No Experience Required

Students researching in the SCPA Reading RoomStudents come to DePaul to learn.  Faculty don’t expect students to know the content and processes that will be assessed in finals week when students walk into their classrooms on the first day of the term; that first class session starts a journey and a progression.

The same process of discovery and growth applies to individual research in Special Collections and Archives.  Students aren’t expected to know how to find, request, and handle rare and valuable primary source documents and books before they come into the Special Collections Reading Room. Our role as educators in the library is to help students develop the skills and confidence to use archival materials, specialized books, maps, and artifacts.  Sometimes these objectives are best met in an instruction session designed for a particular course, but other times an individual student may have an interest that intersects with our collections.  Please feel free to send that student to Special Collections and Archives, no experience or prior instruction required.

Special Collections and Archives recently partnered with the Library’s EDGE team to learn how novice, first-year undergraduate students feel about visiting our Reading Room. Without identifying themselves as part of the EDGE team – just as DePaul students – they came into the Reading Room to request two items.  As new researchers without a registration form on file, each student was given standard paperwork and had the procedures and policies explained to them.  The students had a few tasks to complete, some that modeled research behavior and others that asked them to review and reflect on our policies and processes, and their experiences.

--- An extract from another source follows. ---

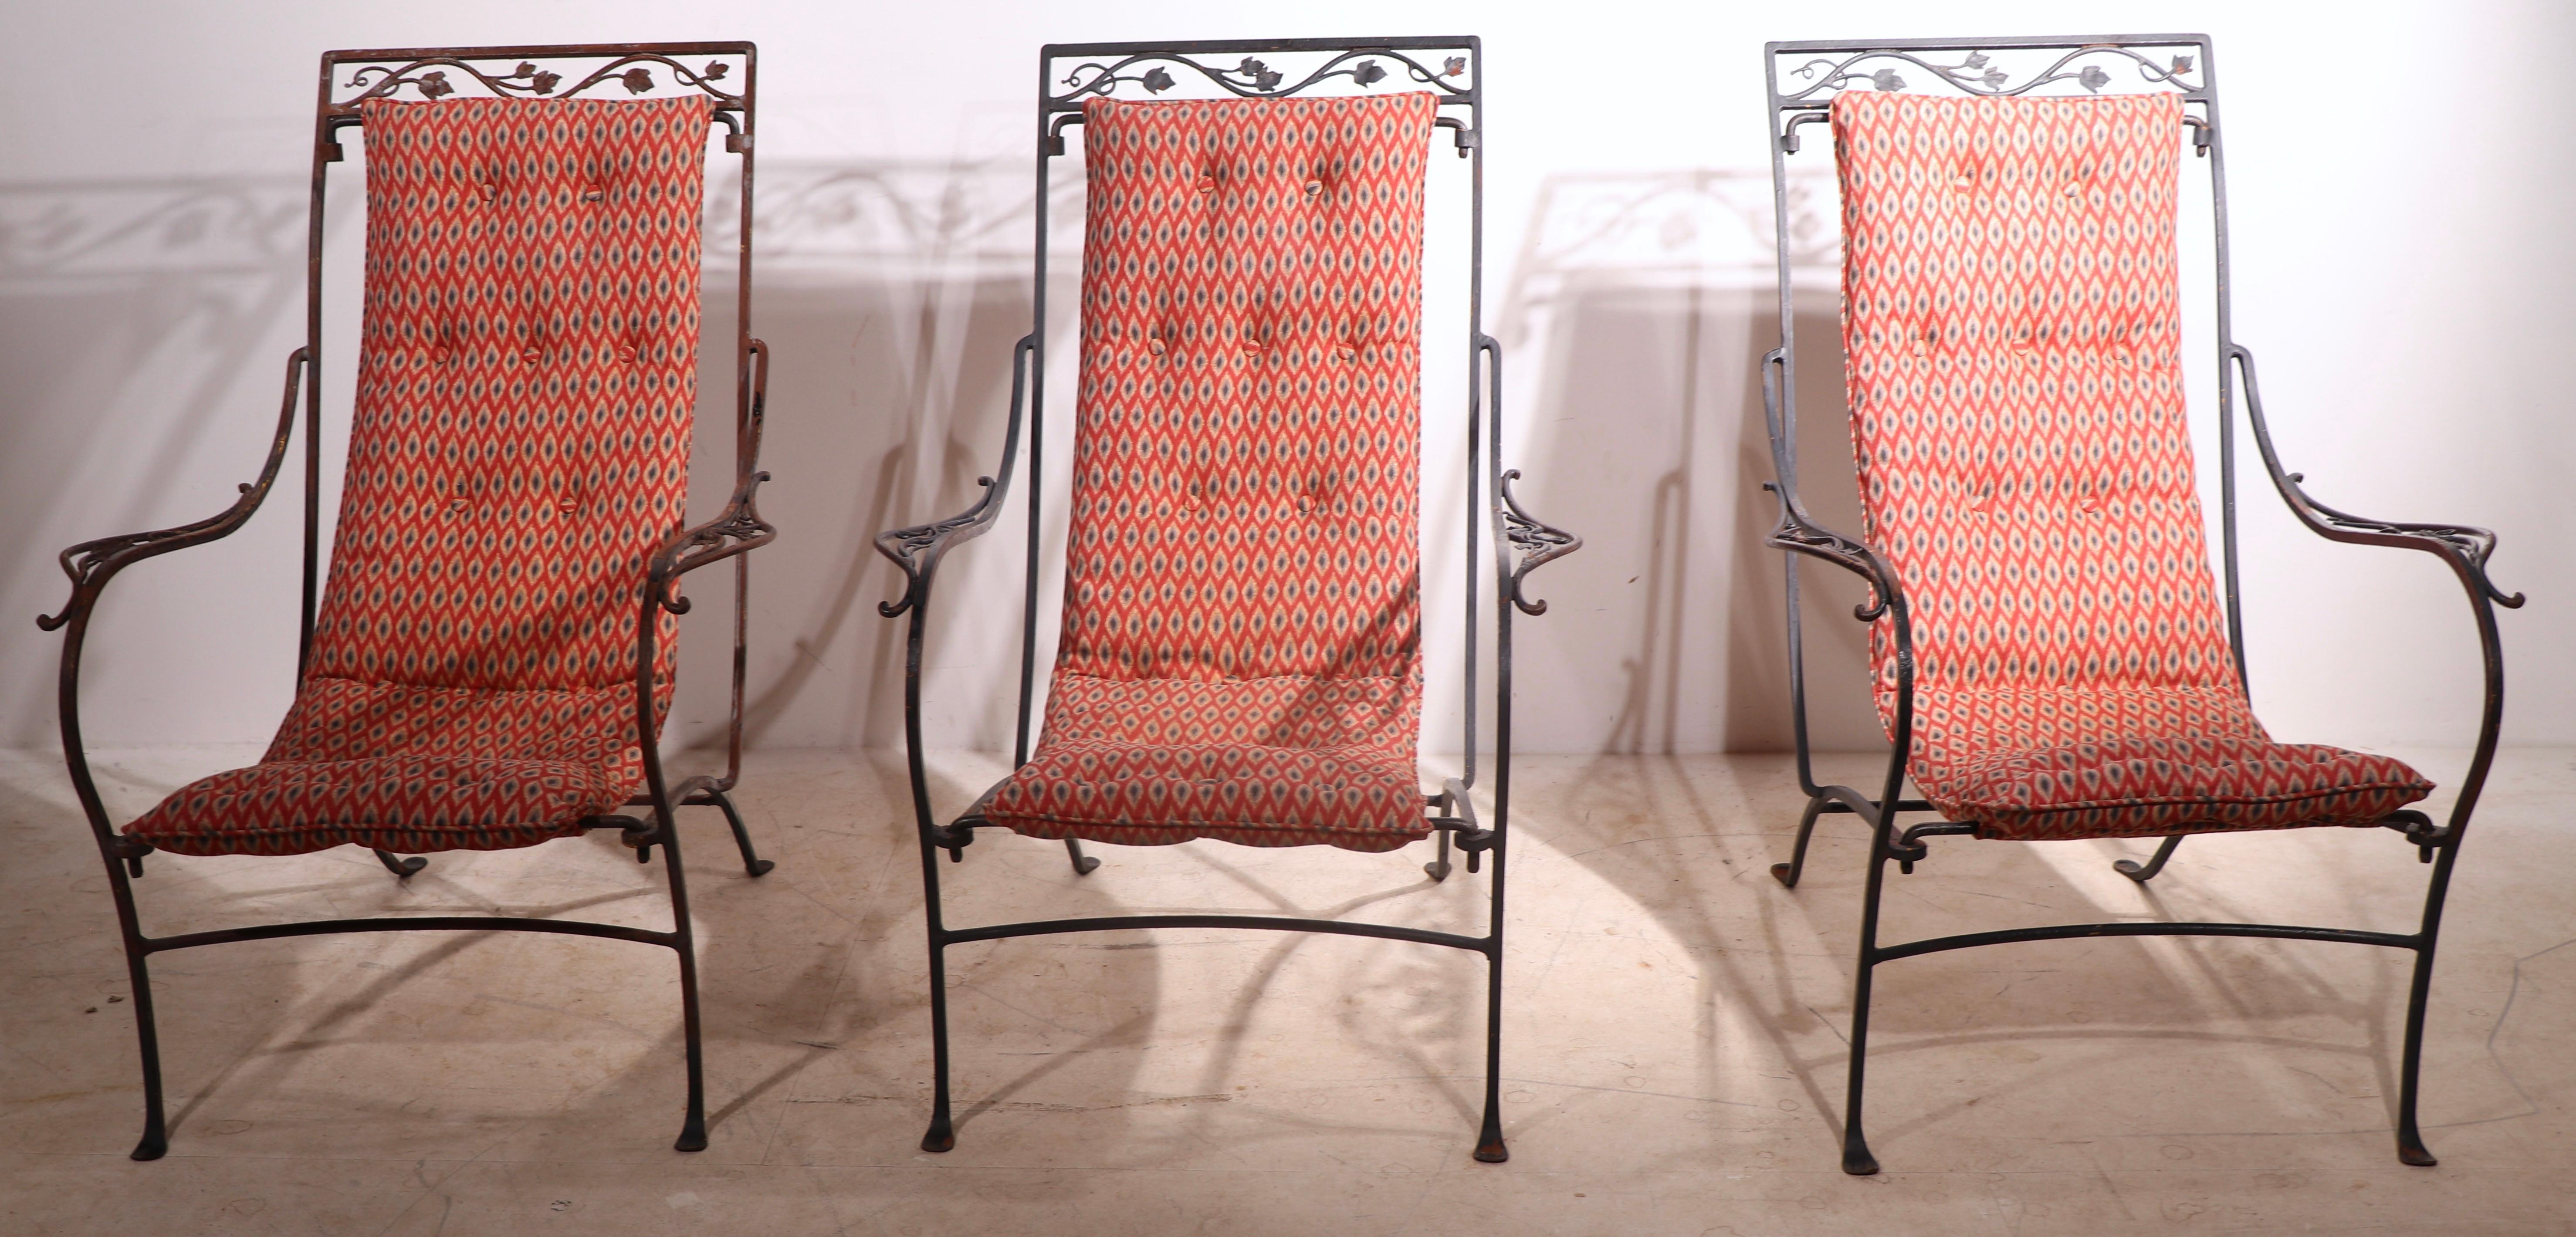 Ensemble de trois chaises longues à élingue du célèbre fabricant de mobilier de jardin Salterini. Les chaises sont dotées d'un dossier continu suspendu et rembourré, d'une assise en tissu original à motif de diamants, sur des cadres exquis
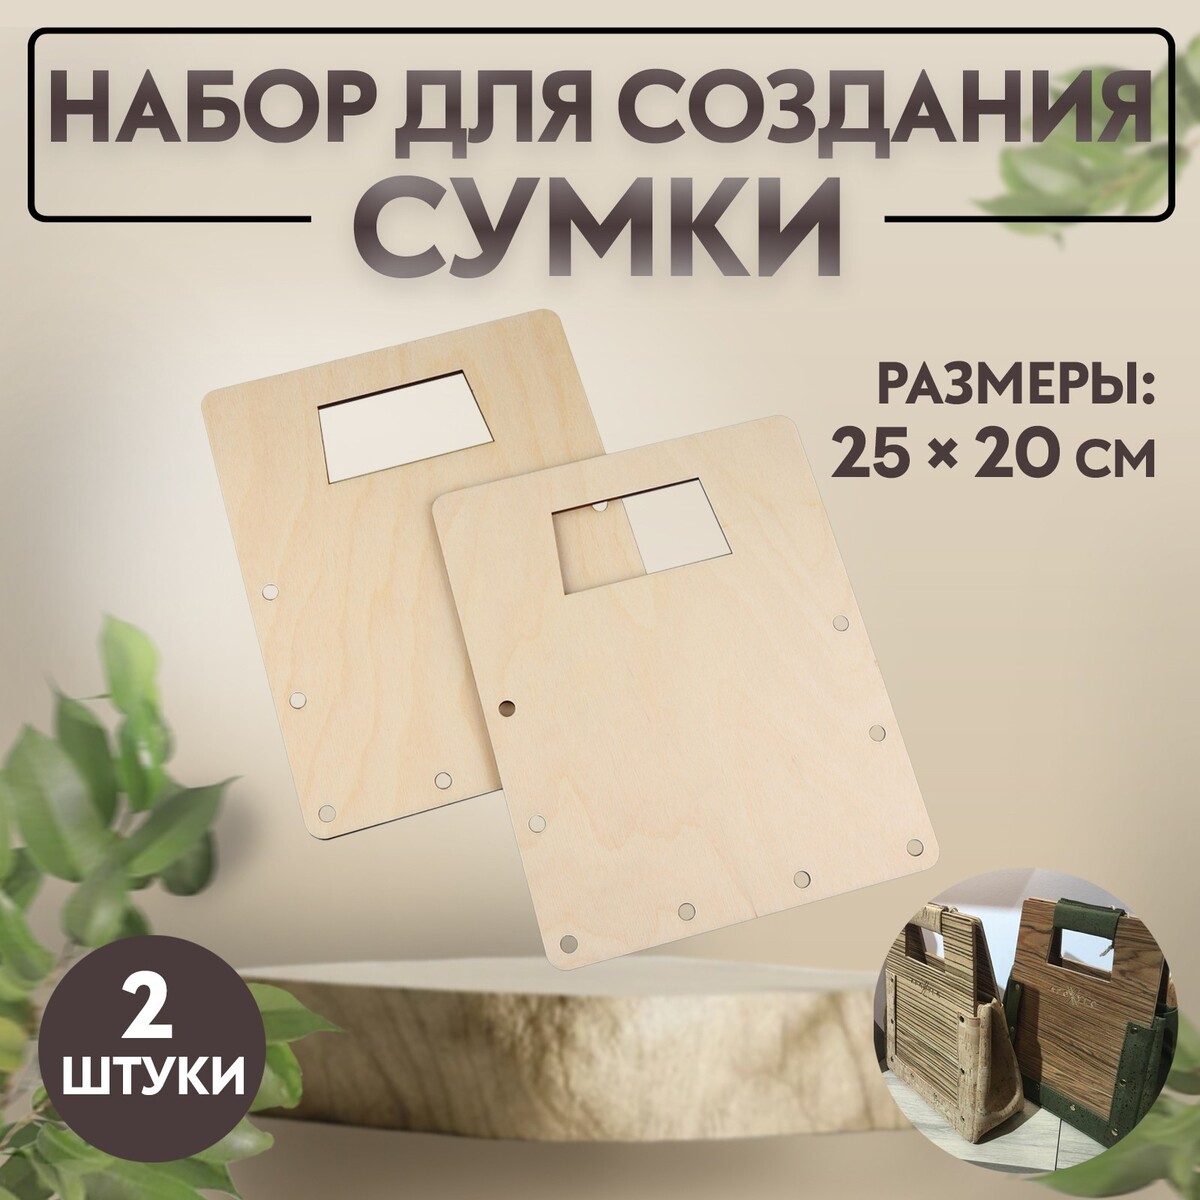 Набор для создания сумки, из дерева, 25 × 20 см набор двойных фиксаторов для шнура d 4 мм 2 × 2 2 см 50 шт прозрачный

The results of this exercise suggested that students perceive only minimal barriers (psychological or procedural) to using our materials, and noted just a few things that were initially confusing, including the required bag check, the length of the registration paperwork (1 page), the absence of a self-service scanner, and the detailed policies surrounding reproductions.  However, students noted that while the policies and procedures were distinctive (“weird,” according to one student) they also acknowledged that these rules served a purpose after they used the materials in the reading room. Student comments included:

“…made perfect sense.”

“…any initial confusion made sense when I saw how delicate the materials were.”

“I was not expecting to have my coat and bag checked, though in retrospect I should have since this area of the library is about caring for old books.”

We also learned that students preferred to have instructions explained in person, rather than following the written documentation themselves.  While many staff knew this intuitively or anecdotally, having direct feedback from students has reinforced supportive staff behavior during the registration process, encouraging us to more consistently offer to go over the form verbally.

While Special Collections and Archives has established relationships with History and English (50% of all instruction sessions last year were with these two departments), the EDGE team is more varied, with only one History student.  The other EDGE students hail from the College of Computing and Digital Media, Psychology, Public Policy, and Biology.  Their disciplinary diversity did not hinder them in navigating the reading room.

Special Collections and Archives is happy to work with you, your class, or individual students, regardless of discipline.  Our preliminary collaboration with the EDGE students has shown that while our policies are different – and more restrictive and prescriptive than the general library – students are quickly able to understand, adapt, gain confidence, and engage with our amazing materials.